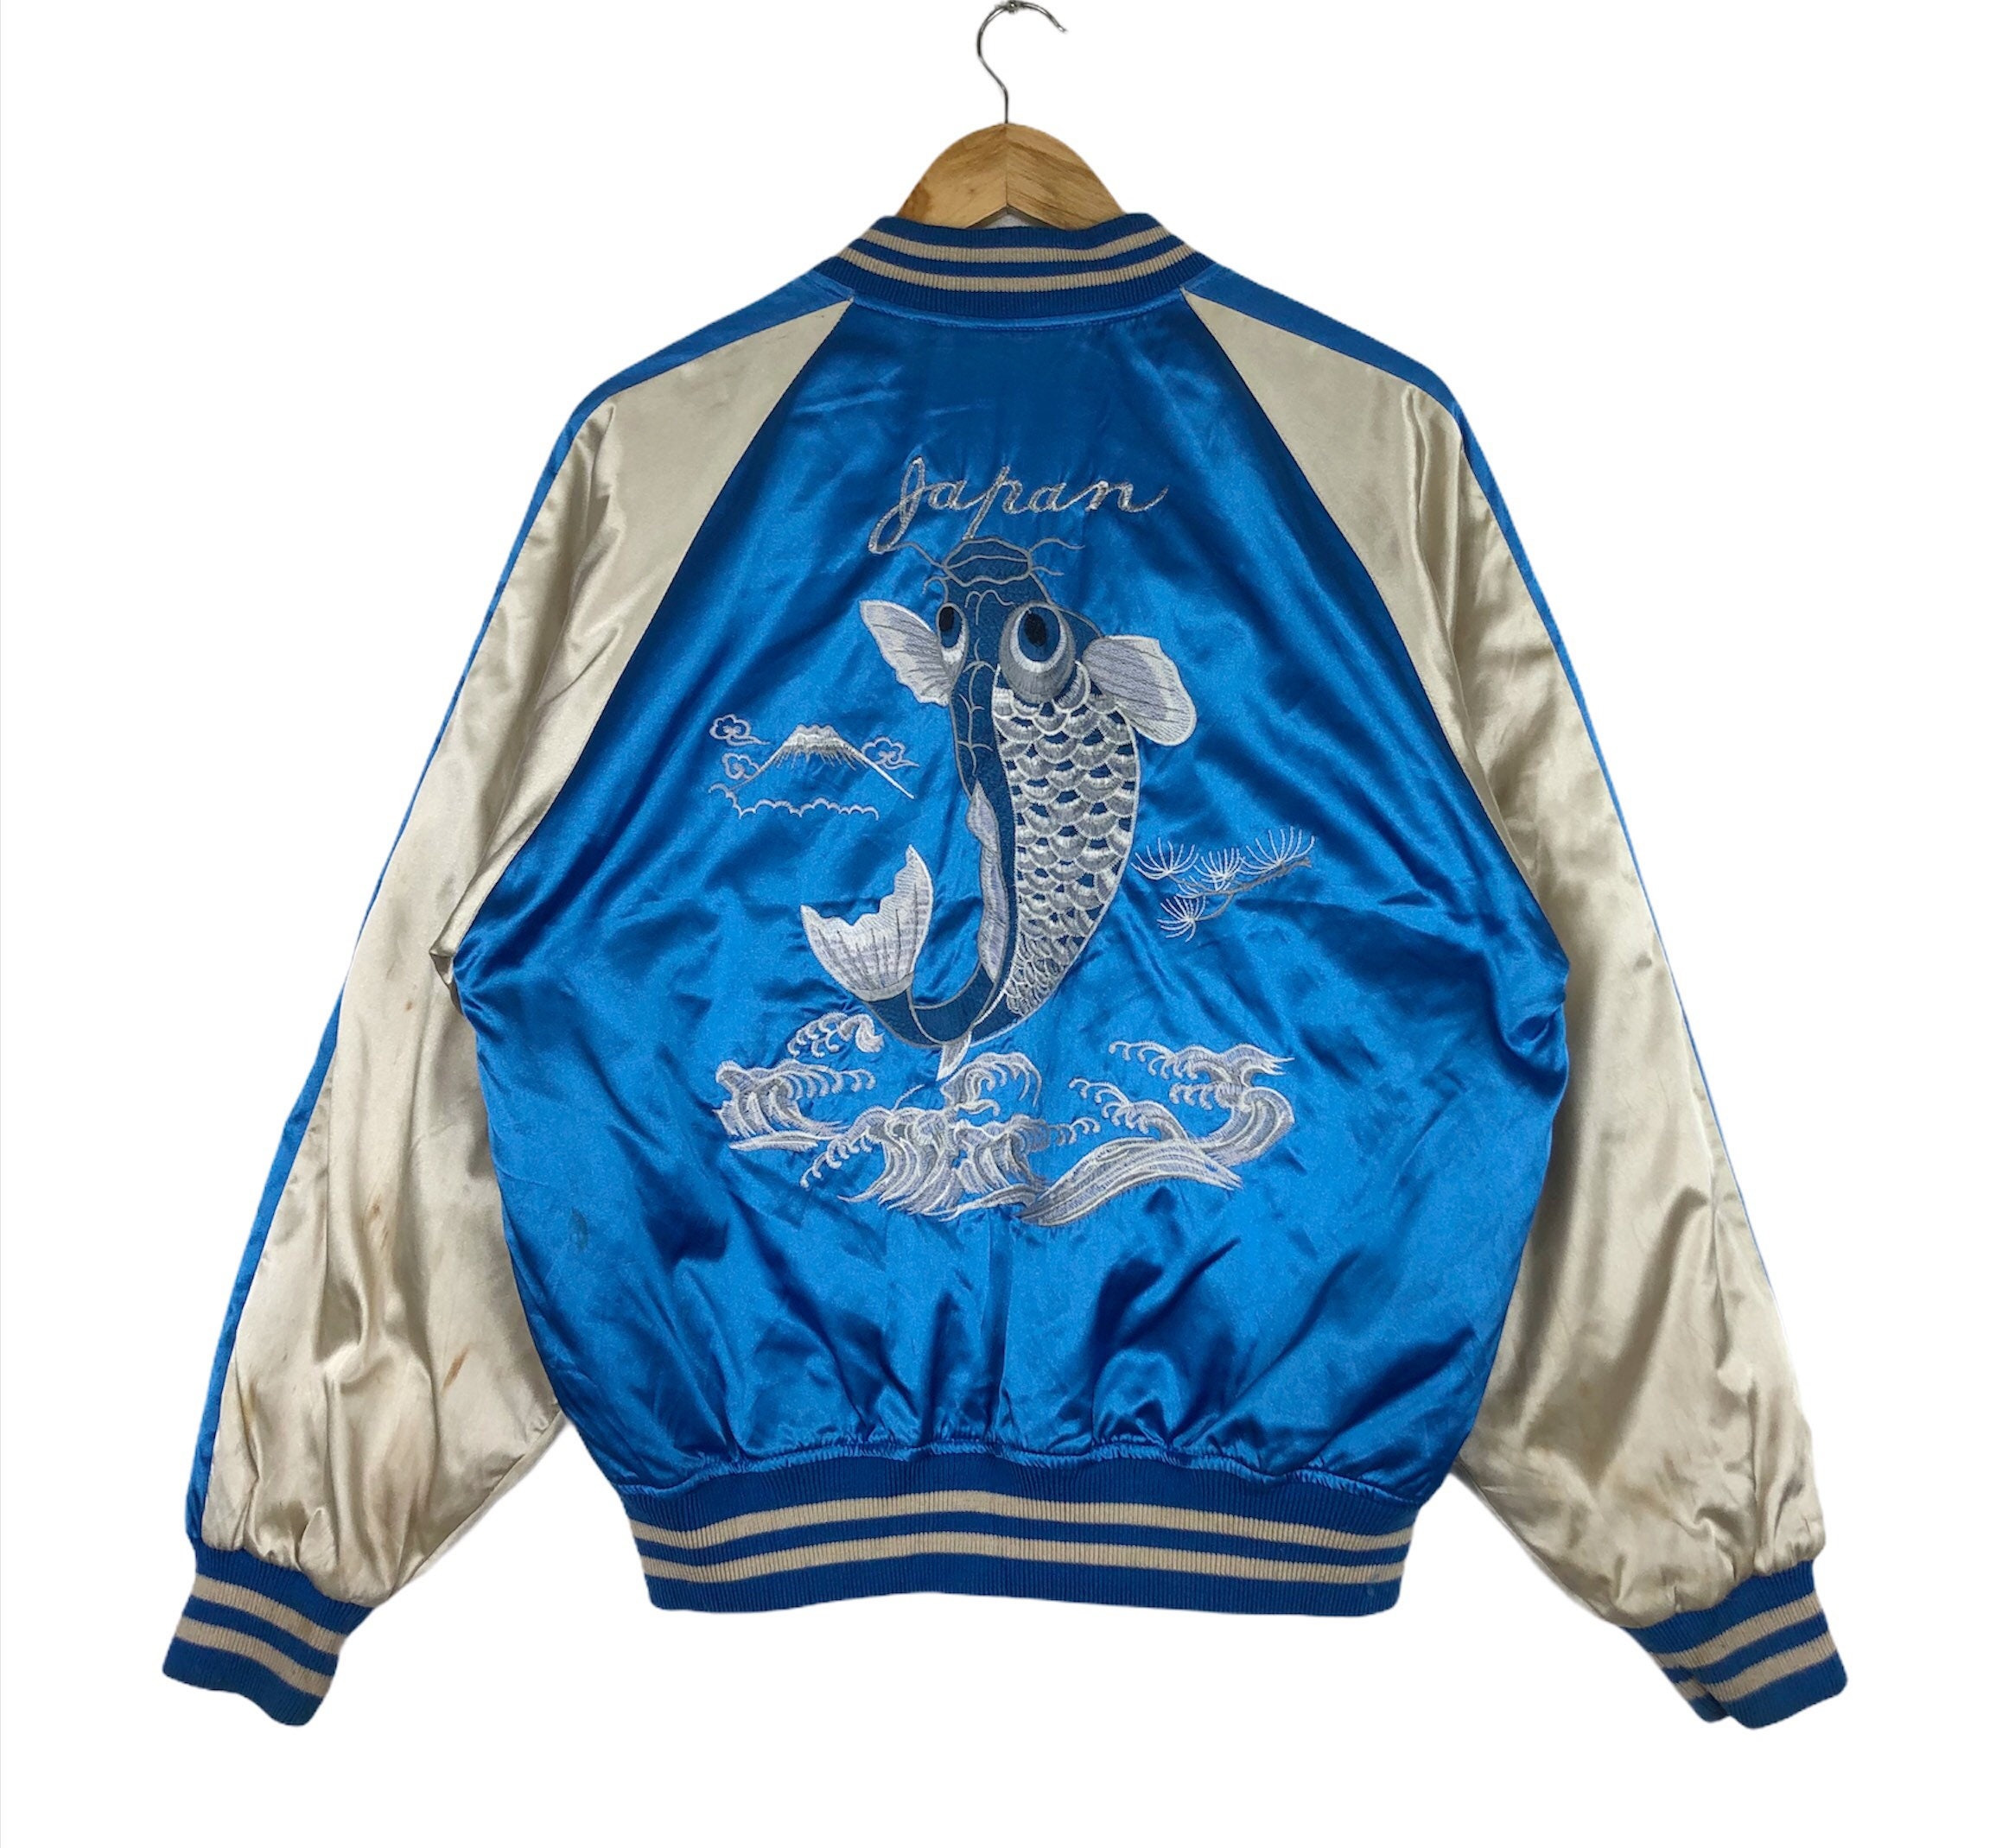 SUKAJAN Hoshihime Koi Fish Jacket Japanese Souvenir Fighter Embroidery Japan Brand
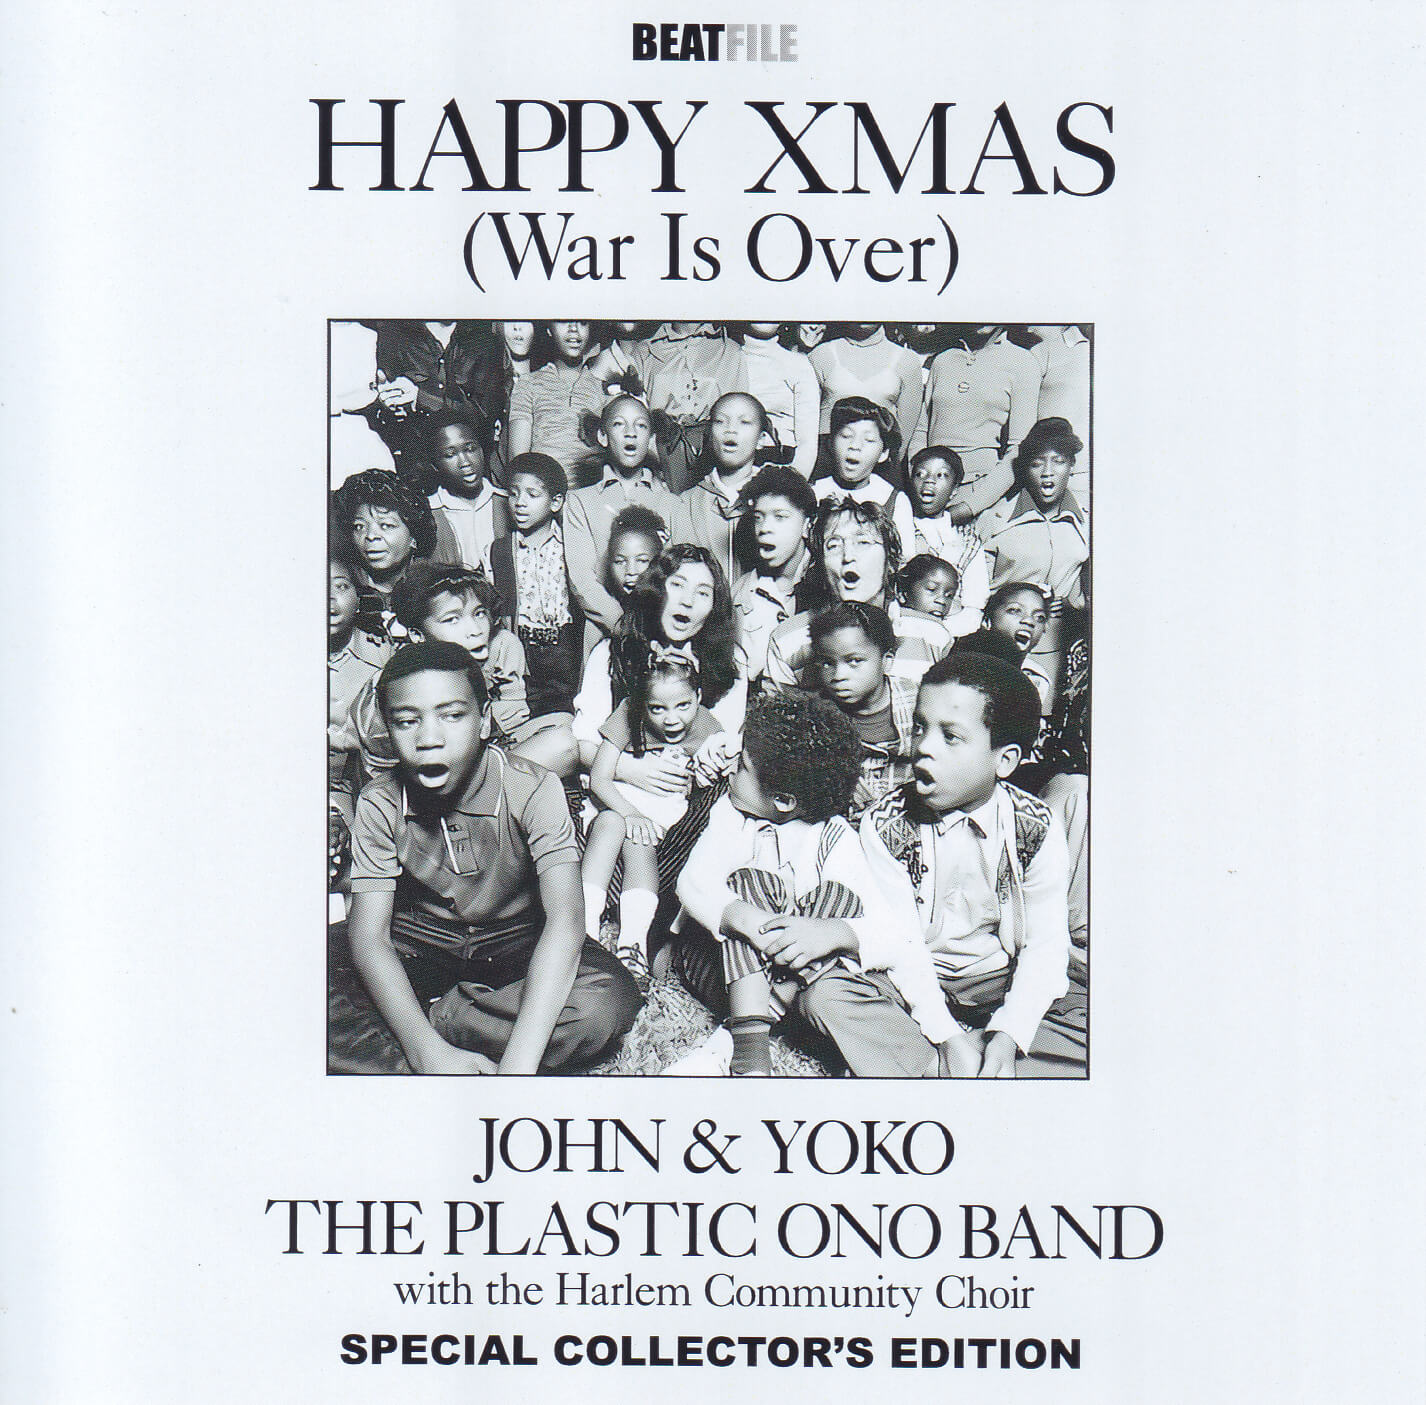 John Lennon and Yoko Ono: PM's 'War is Over' Christmas card on show
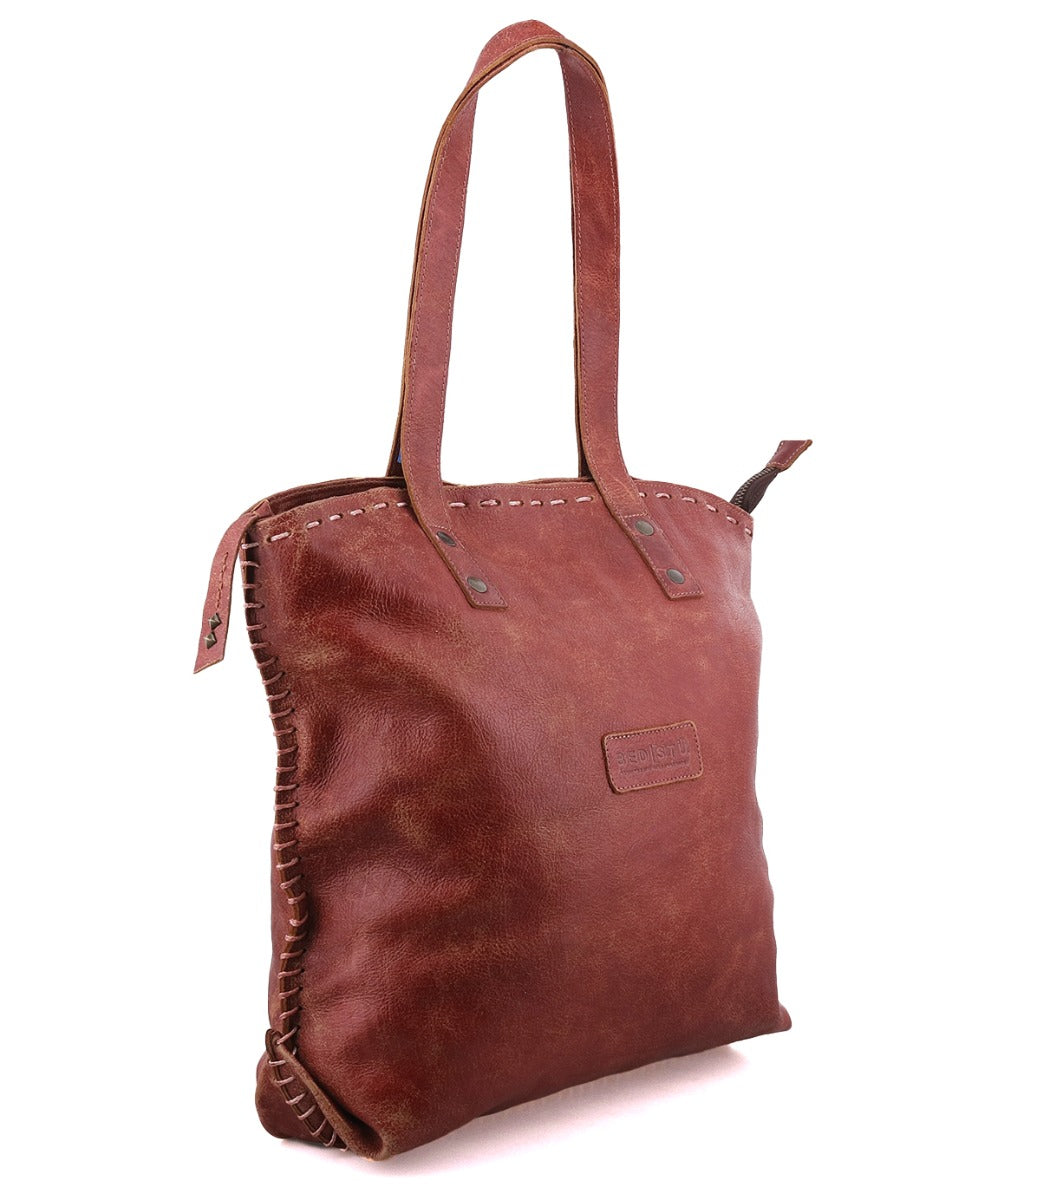 The Skye II by Bed Stu women's leather tote bag.
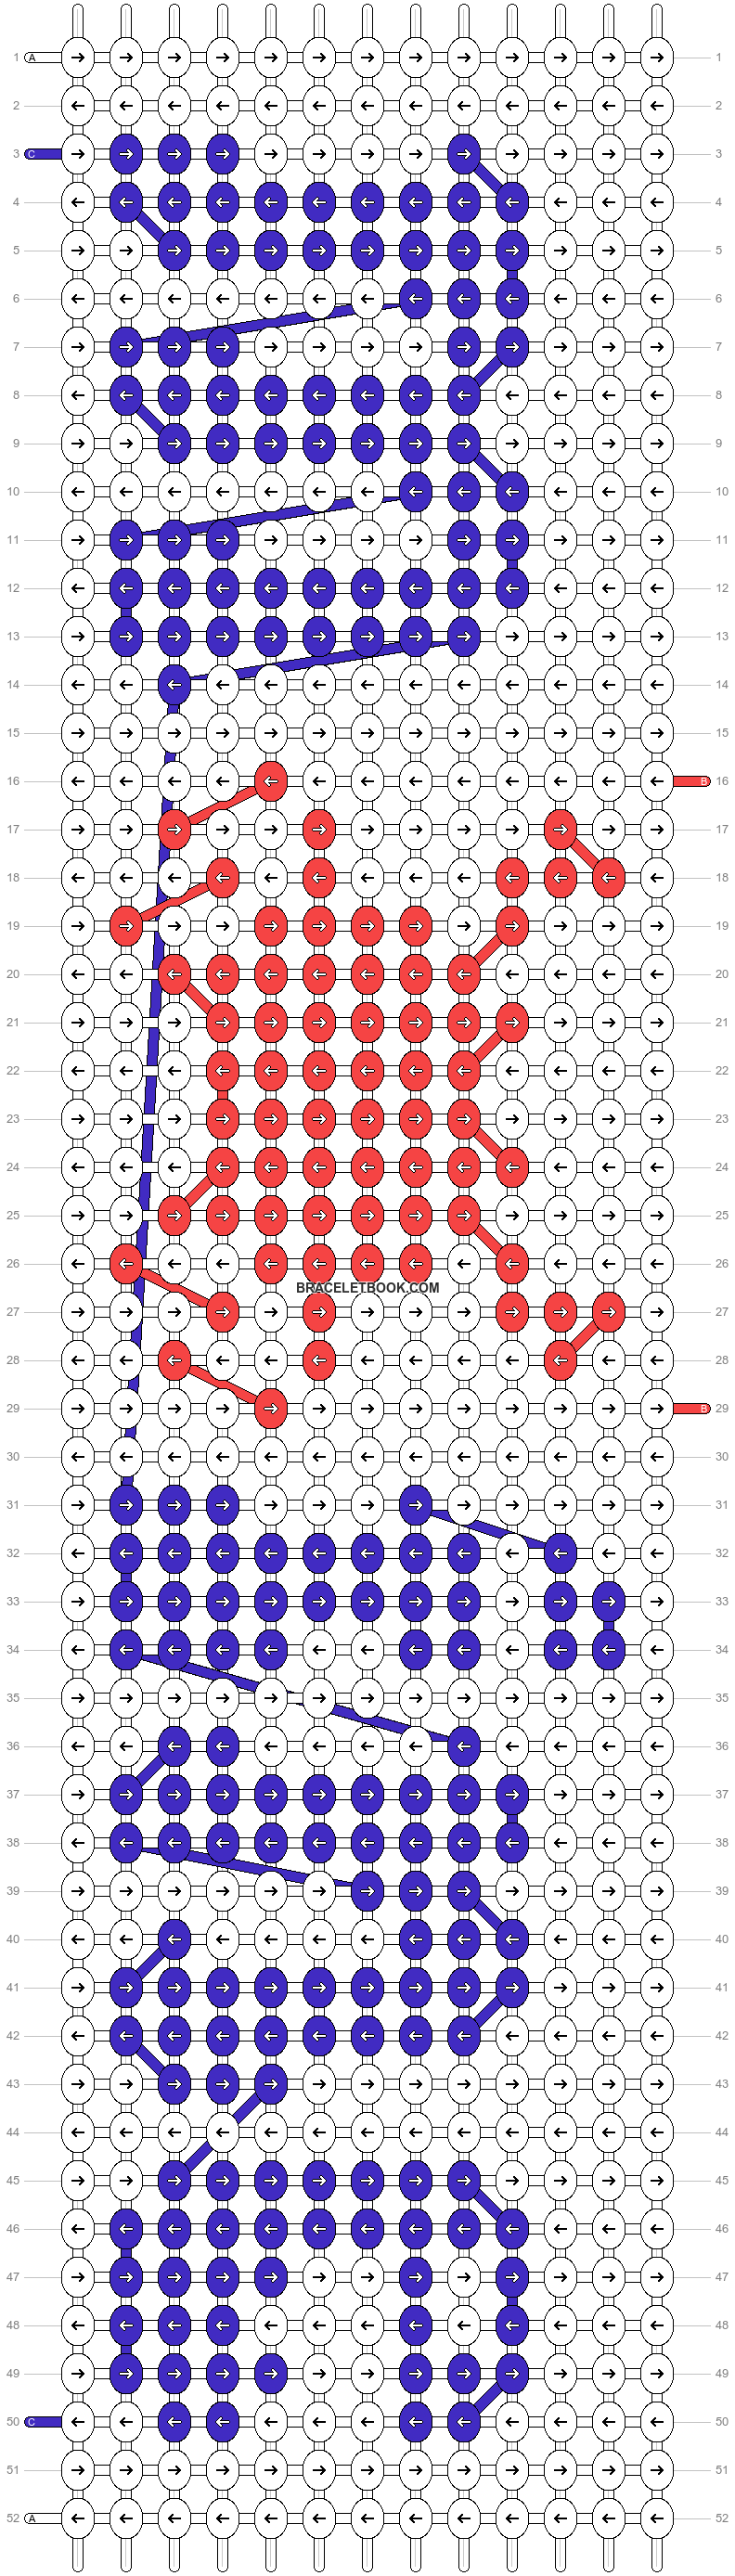 Alpha pattern #53597 variation #89159 pattern

_Aim of the exercise_
The expected answer is the listing above, duplicated exactly, with its pictures removed.

_Response_
 SUKAJAN Hoshihime Koi Fish Jacket Japanese Souvenir Fighter Embroidery Japan Brand
 John Lennon and Yoko Ono: PM's 'War is Over' Christmas card on show
 The Skye II by Bed Stu women's leather tote bag.
 Alpha pattern #53597 variation #89159 pattern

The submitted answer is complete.